Hello everyone,

Upgrade, done. Cluster has been successfully upgraded to 1.23 and applications have just been redeployed. toolhub is operational again. 

On Fri, Mar 3, 2023 at 3:45 PM Alexandros Kosiaris <akosiaris@wikimedia.org> wrote:
Hello everyone,

TL;DR Toolhub will have a few hours of downtime due to maintenance on Tuesday 2023-03-07 Furthermore, if you are not deploying services to the eqiad wikikube kubernetes
cluster, you can safely skip the rest.

Long version:

We will reinitialize the eqiad wikikube kubernetes cluster using kubernetes
version 1.23 on 2023-03-07 09:00-16:00 UTC [1] (the actual process is expected
take a couple of hours within this window).
The date was chosen for convenience as due to the data center switchover process, eqiad is fully depooled, receiving almost 0 traffic. This is scheduled to change on 2023-03-08, making the process more difficult. As all traffic
has been drained already and we expect no visible impact. However, for the
duration of the process, the kubernetes cluster will be unavailable to
deployers and thus efforts to deploy to it will fail or worse, not have the
expected outcomes.
This is normal until SRE serviceops announces that the cluster is fully
operational again.

SRE serviceops will be deploying all services before marking the cluster as
usable so there will be no need for deployers to
re-deploy their services (apart from those already informed).
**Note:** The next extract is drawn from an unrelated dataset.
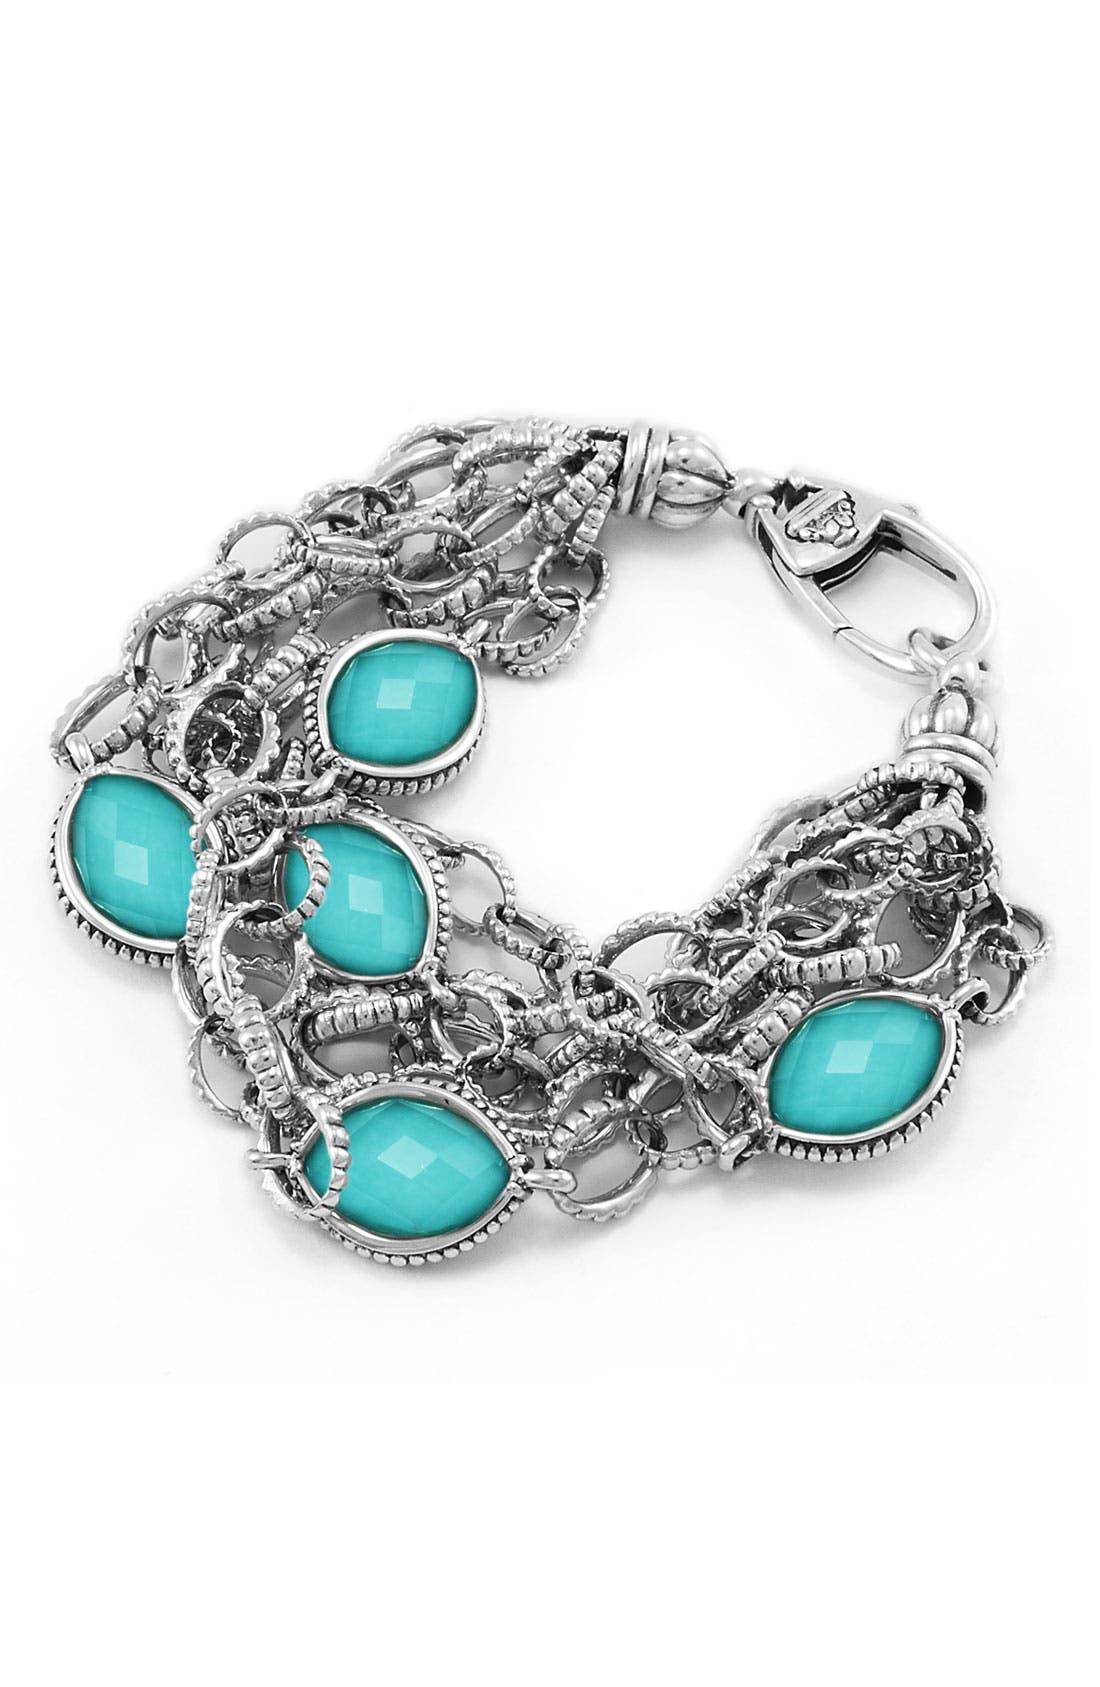 Main Image - Lagos Chain Link Bracelet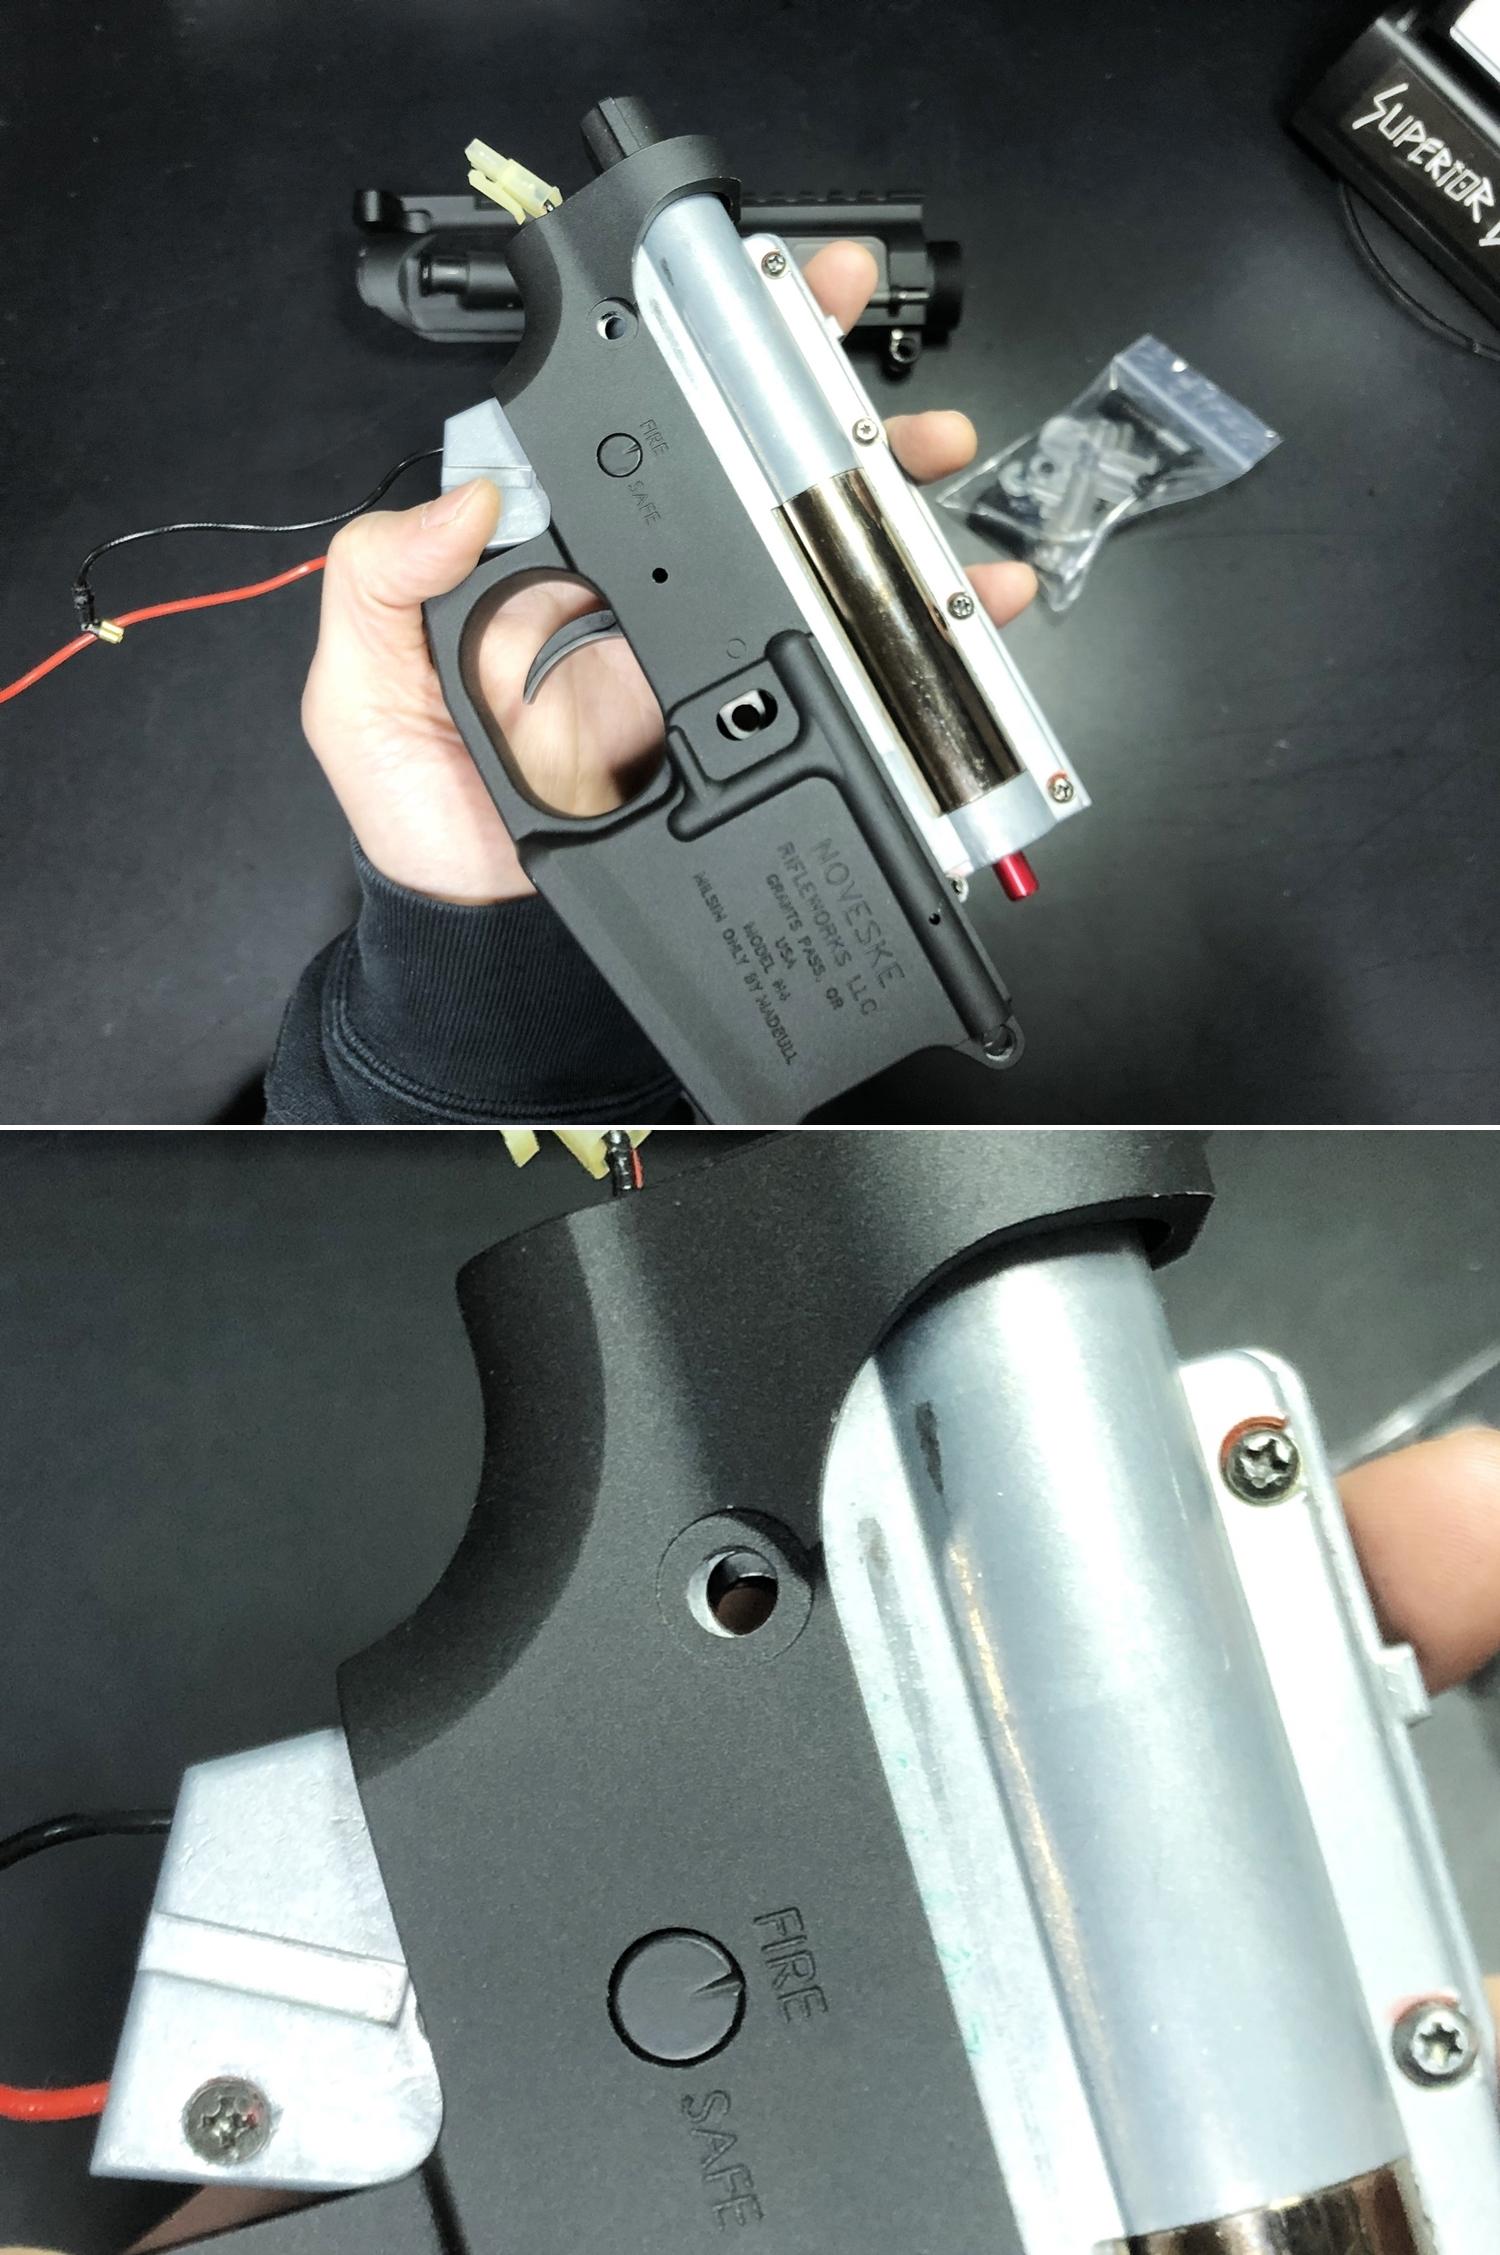 7 NOVESKE GEN3 N4 BY MADBULL!! 『第一弾』 新たにSTD民間系ARを作り始めたいと思います!! STD AR-15 M4 スタンダード 電動ガン マルイ ノベスケ ノベスキー マットブル メタルフレーム 動作テスト 組込 取付 カス

Toolhub, per https://phabricator.wikimedia.org/T329319 wasn't switched over to codfw and is still being served from wikikube eqiad. Unavoidably, it will suffer a small downtime of a few hours. That is known and expected. To minimize that downtime, it will be prioritized during the initialization phase.

[1] https://phabricator.wikimedia.org/T331126

--
Alexandros Kosiaris
Principal Site Reliability Engineer
Wikimedia Foundation


--
Alexandros Kosiaris
Principal Site Reliability Engineer
Wikimedia Foundation